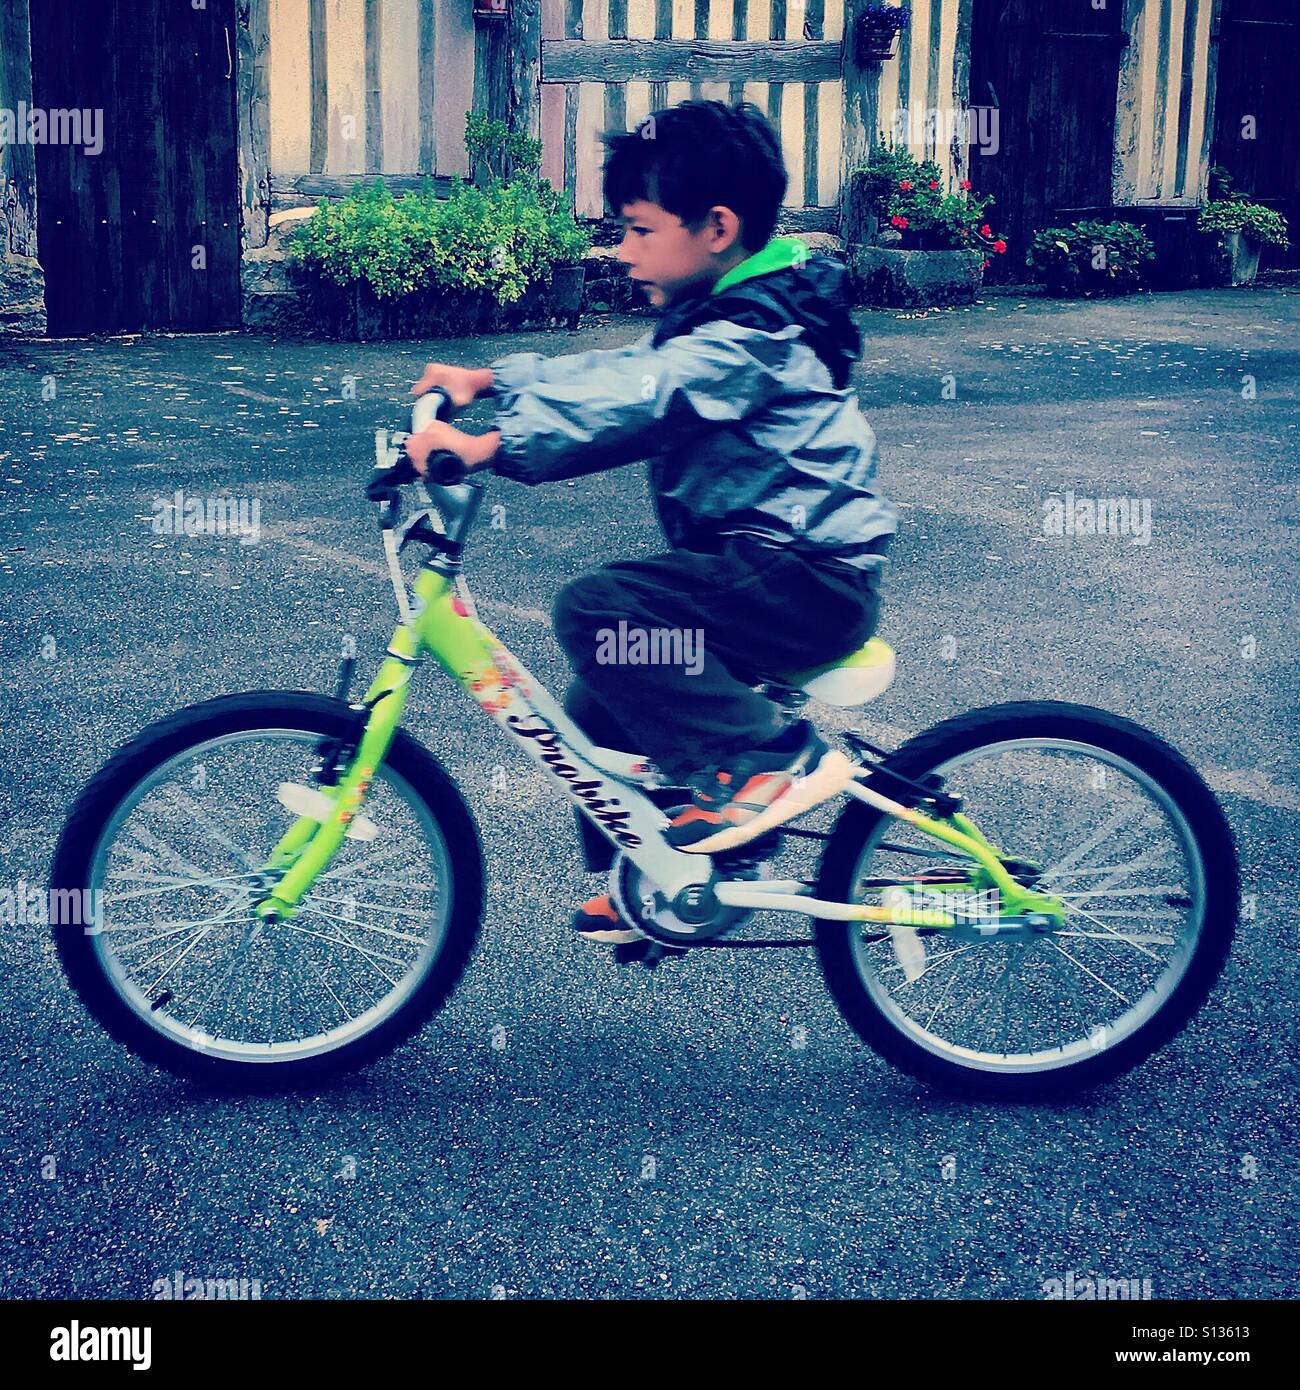 Boy on bike Stock Photo
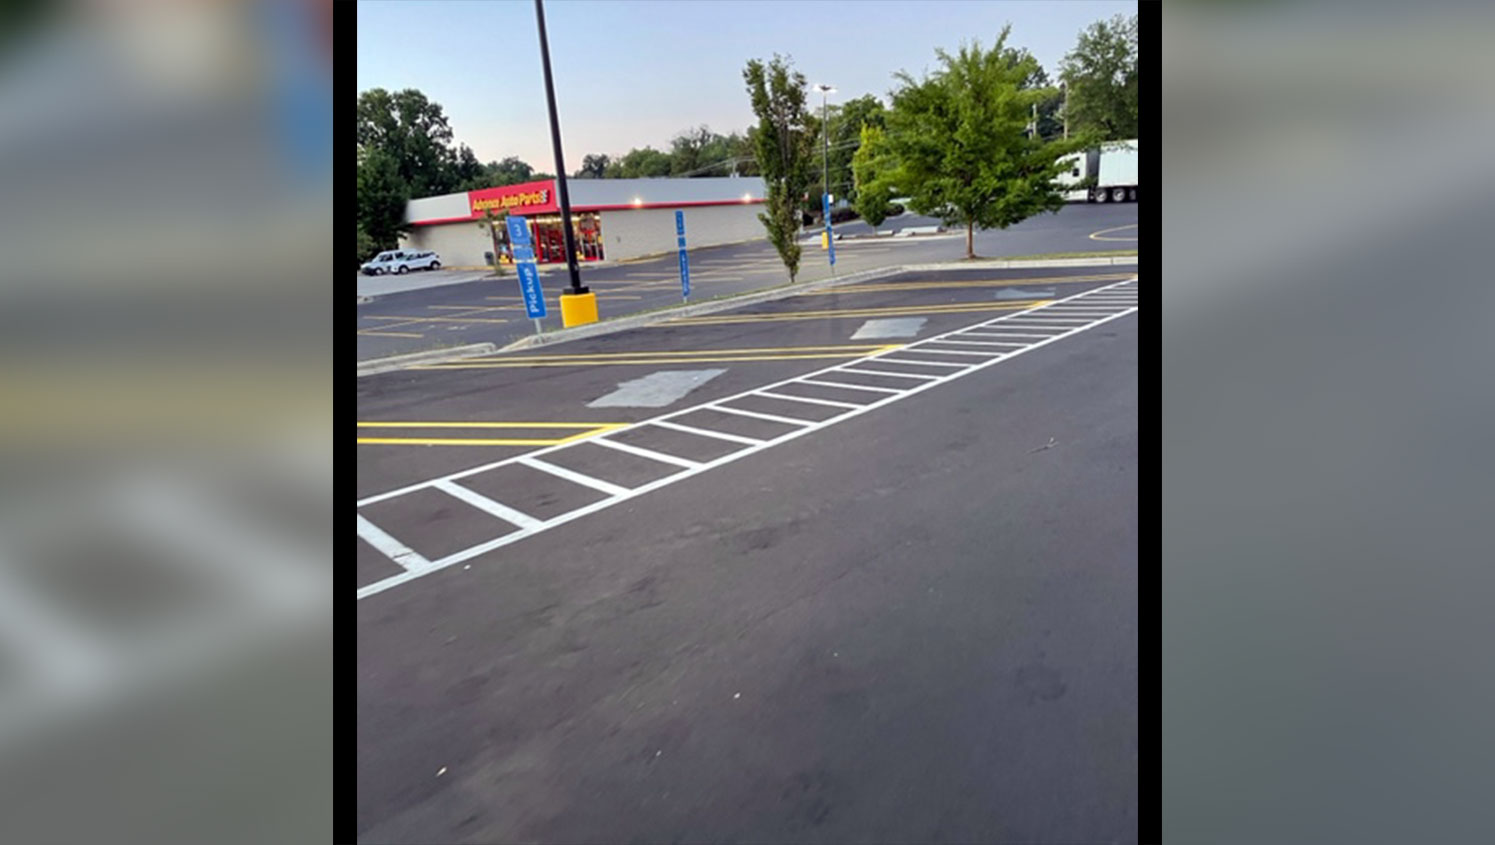 re-striped no parking lot markings at greensboro walmart
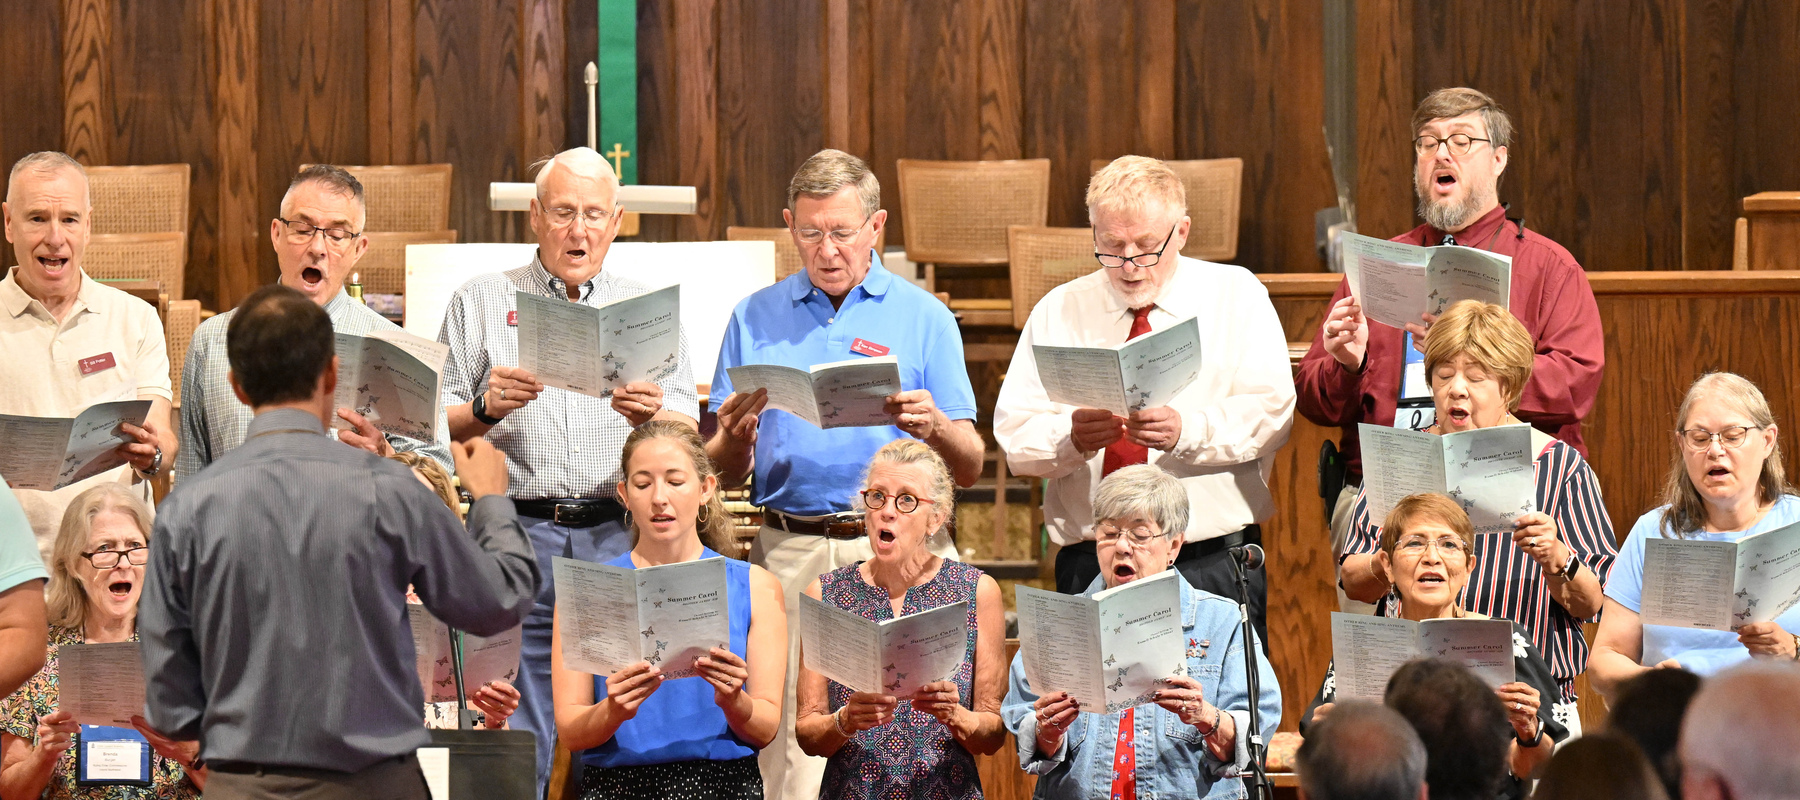 The Wasatch Presbyterian Church choir sings during morning worship. Photo by Rich Copley.
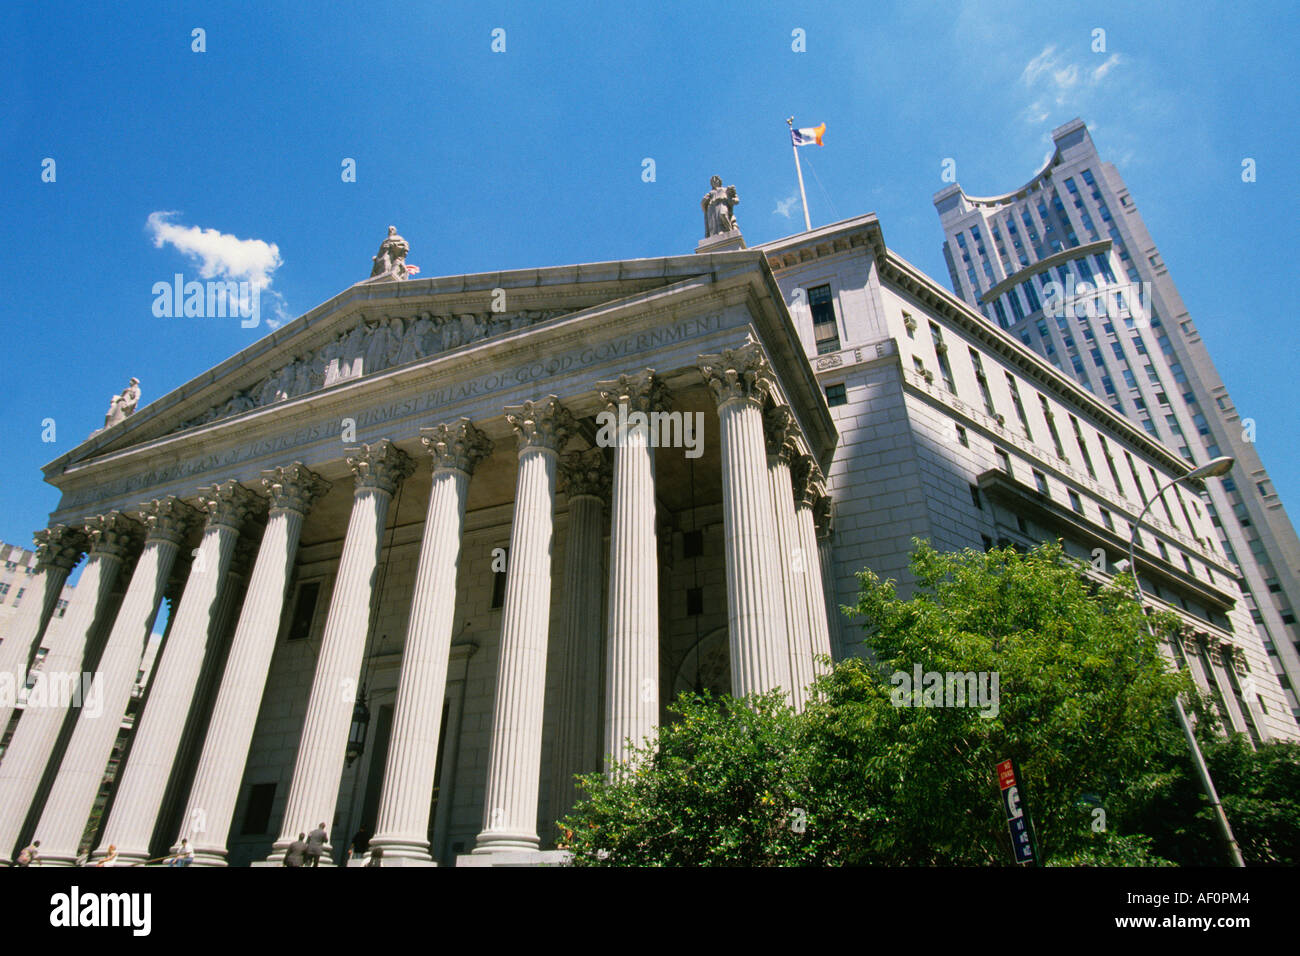 Oberstes Gericht Der Vereinigten Staaten. New York City Lower Manhattan NYC County Courthouse und Daniel Patrick Moynihan Courthouse. Foley Square USA Stockfoto

================

— Exercise description —
Exact transcription of the full listing above is required; images do not belong in it.

— Exercise answer —
 Boy on bike Stock Photo
 re-striped no parking lot markings at greensboro walmart
 The Wasatch Presbyterian Church choir sings during morning worship. Photo by Rich Copley.
 Oberstes Gericht Der Vereinigten Staaten. New York City Lower Manhattan NYC County Courthouse und Daniel Patrick Moynihan Courthouse. Foley Square USA Stockfoto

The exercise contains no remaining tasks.